In the room back of the pool hall, Jake Vodell whispered with two of his disciples.
In the window of the Interpreter's hut on the cliff a lamp gleamed starlike above the darkness below.
CHAPTER XXVI
AT THE CALL OF THE WHISTLE
Everywhere in Millsburgh the shooting of Captain Charlie was the one topic of conversation. As the patrons of the cigar stand came and went they talked with the philosopher of nothing else. The dry-goods pessimist delivered his dark predictions to a group of his fellow citizens and listened with grave shakes of his head to the counter opinions of the real-estate agent. The grocer questioned the garage man and the lawyer discussed the known details of the tragedy with the postmaster, the hotel keeper and the politician. The barber asked the banker for his views and reviewed the financier's opinion to the judge while a farmer and a preacher listened. The milliner told her customers about it and the stenographer discussed it with the bookkeeper. In the homes, on the streets, and, later in the day, throughout the country, the shock of the crime was felt.
Meanwhile, the efforts of the police to find the assassin were fruitless. The most careful search revealed nothing in the nature of a clew.
Millsburgh had been very proud of Captain Martin and the honors he had won in France, as Millsburgh was proud of Adam Ward and his success—only with a different pride. The people had known Charlie from his birth, as they had known his father and mother all their years. There had been nothing in the young workman's life—as every one remarked—to lead to such an end.
It is doubtful if in the entire community there was a single soul that did not secretly or openly think of the tragedy as being in some dark way an outcome of the strike. And, gradually, as the day passed, the conjectures, opinions and views crystallized into two opposing theories—each with its natural advocates.

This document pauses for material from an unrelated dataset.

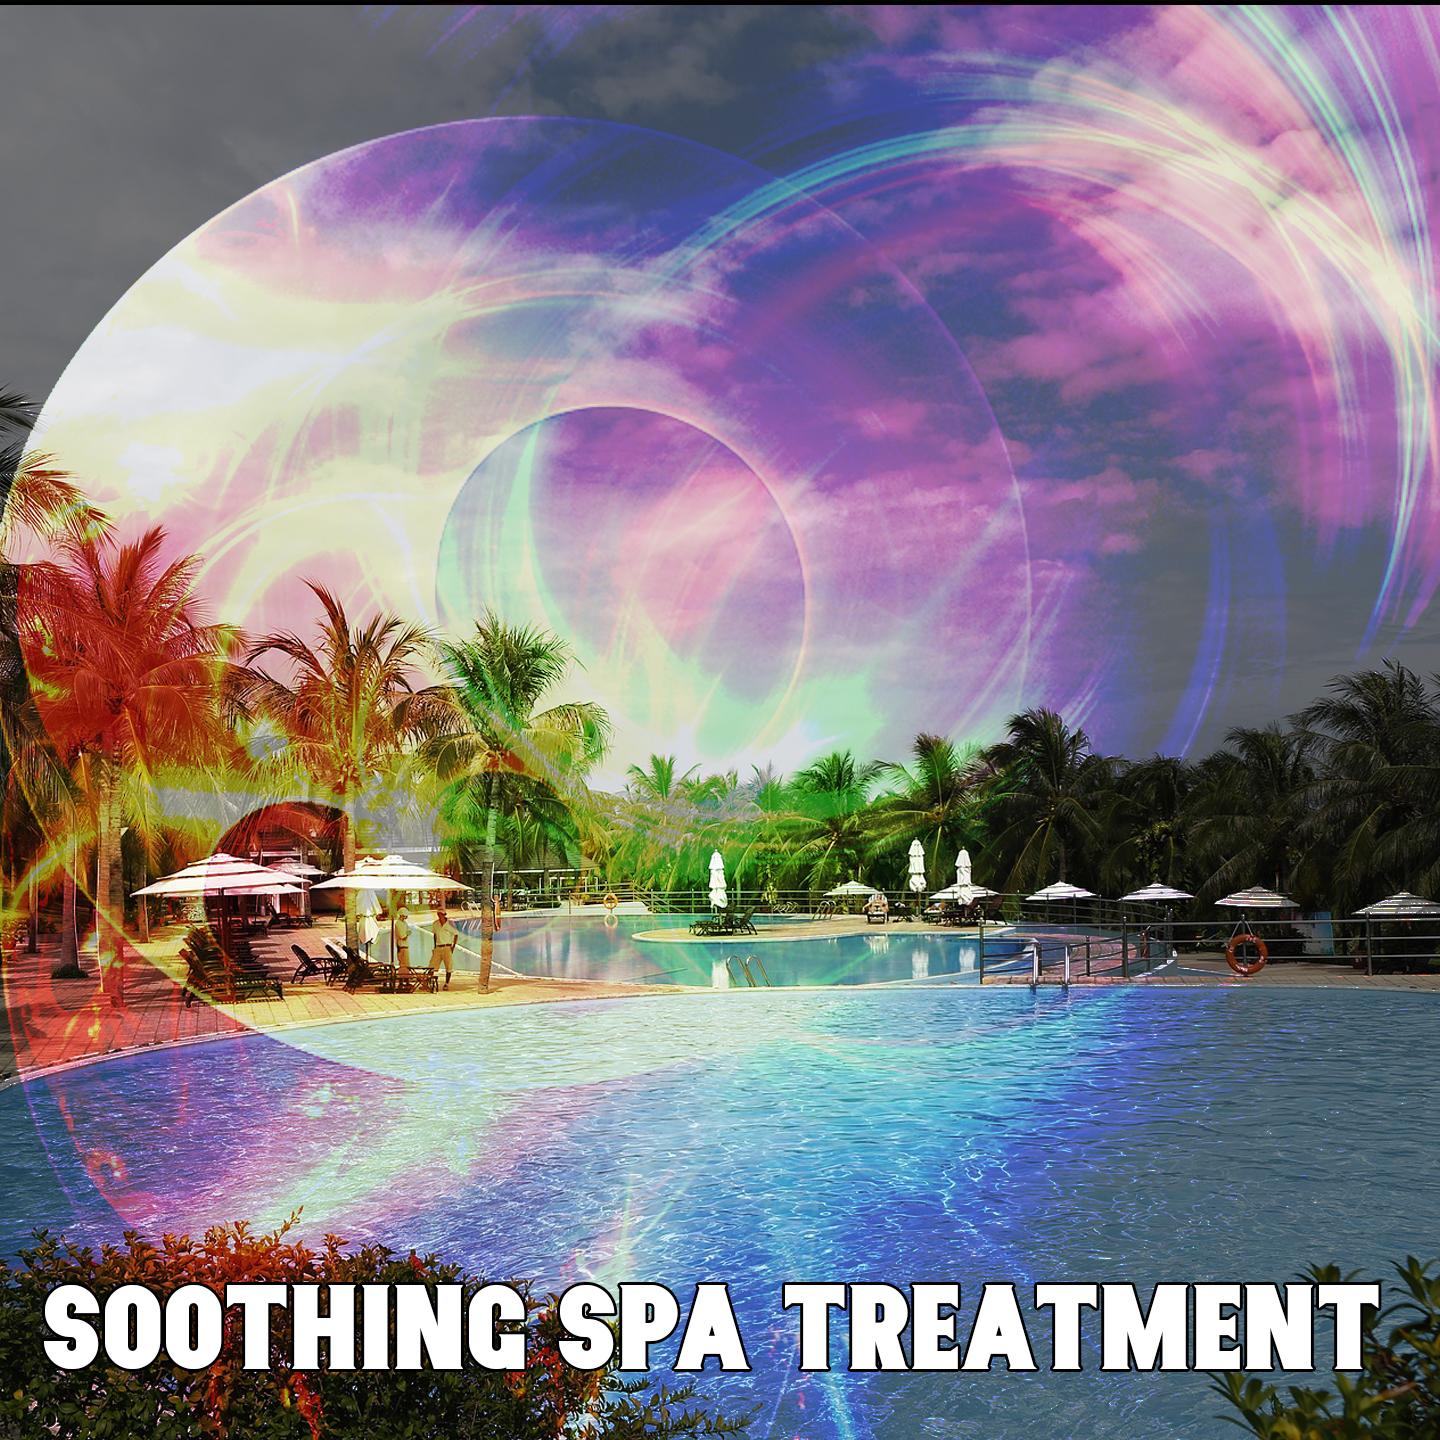 Soothing Spa Treatment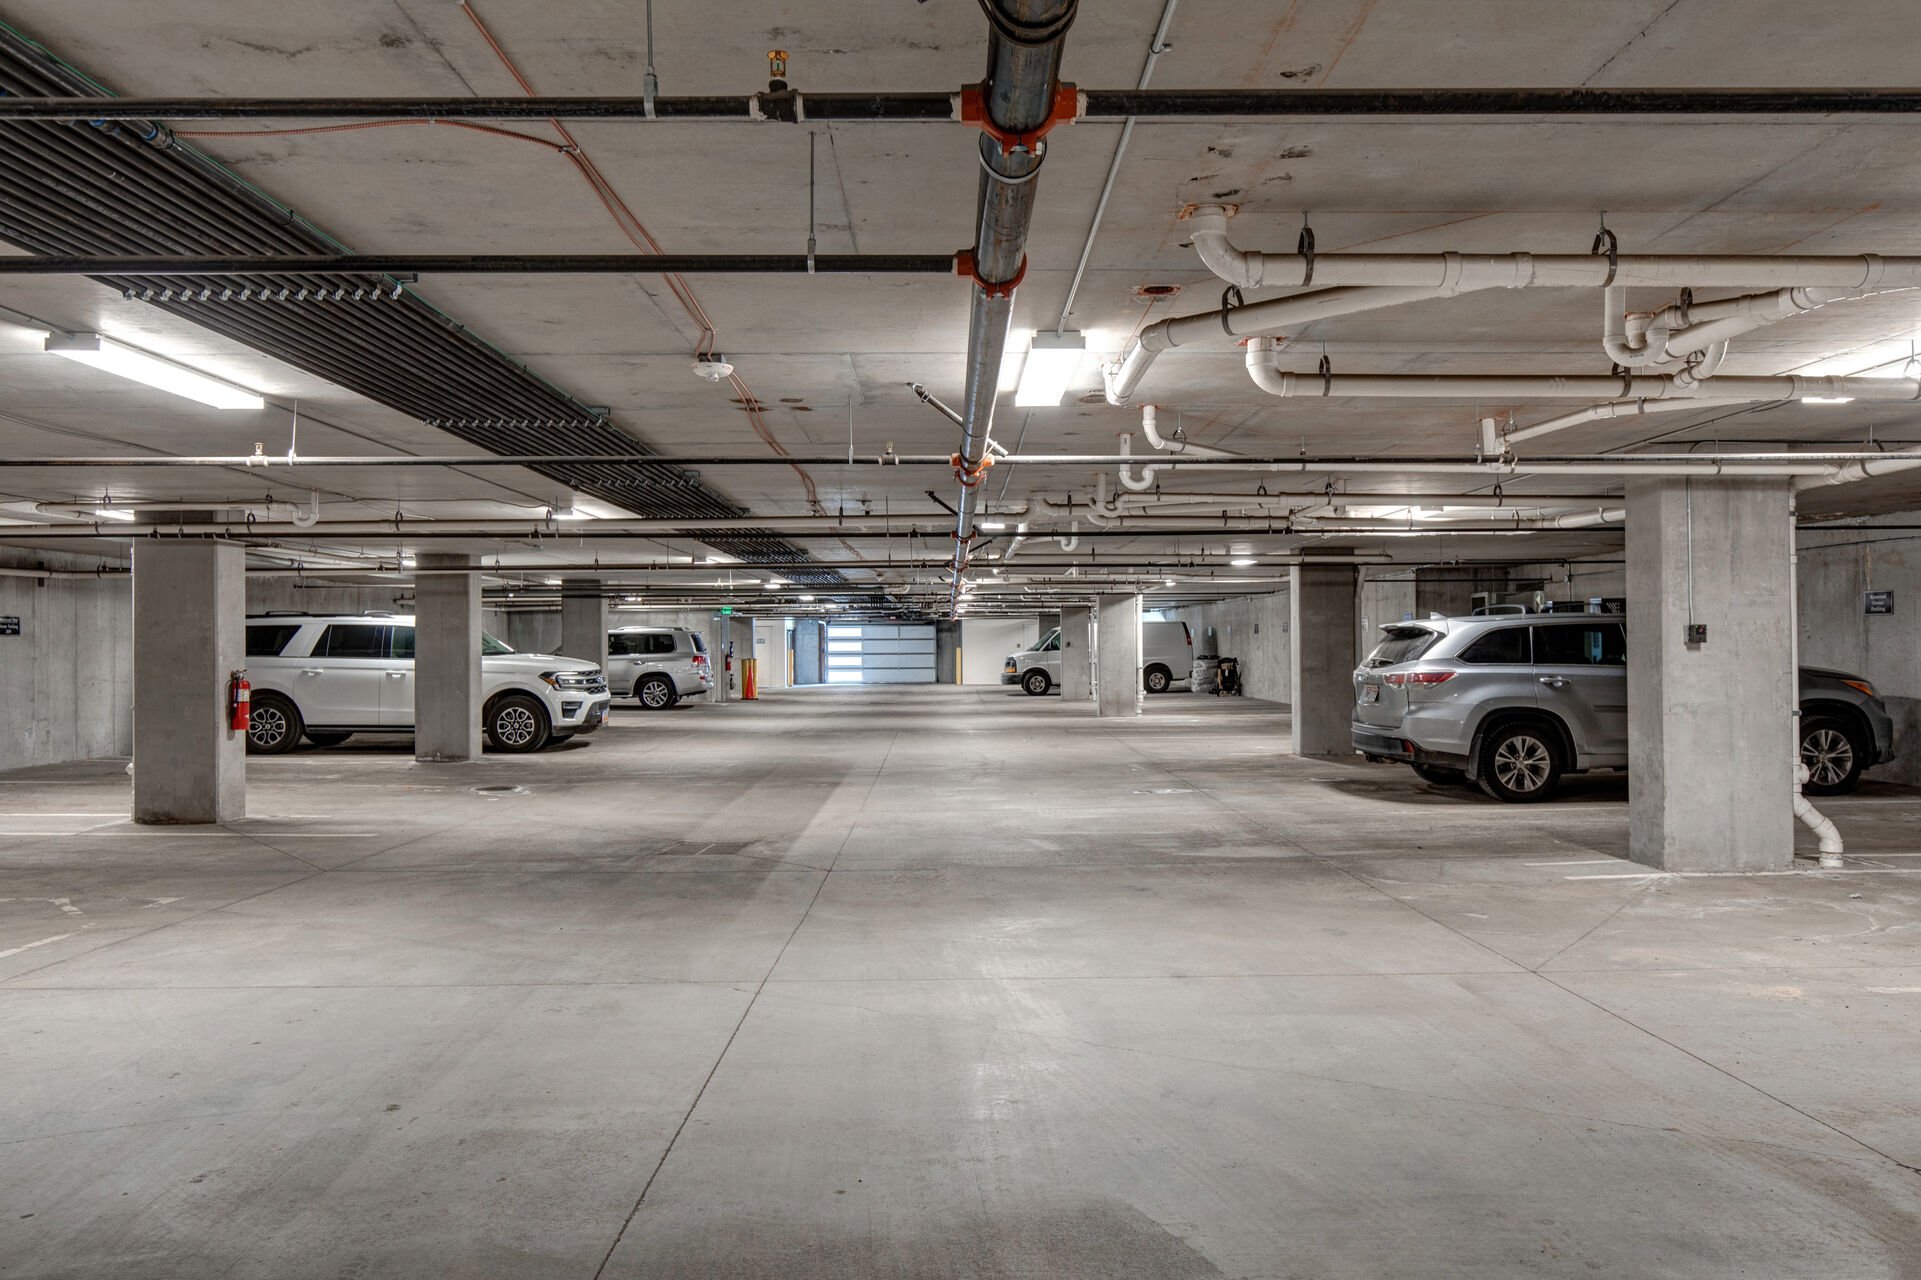 Communal garage with one assigned parking space

One division of the people held that the deed was committed by some one of Jake Vodell's followers, because of the workman's known opposition to a sympathetic strike of the Mill workers' union. Captain Charlie's leadership of the Mill men was recognized by all, and it was conceded generally that it was his active influence, guided by the Interpreter's counsel, that was keeping John Ward's employees at work. Without the assistance of the Mill men the strike leader could not hope for victory. With Captain Charlie's personal influence no longer a factor, it was thought that the agitator might win the majority of the Mill workers and so force the union into line with the strikers.
This opinion was held by many of the business men and by the more thoughtful members of the unions, who had watched with grave apprehension the increasing bitterness of the agitator's hatred of Captain Charlie, because of the workman's successful opposition to his schemes.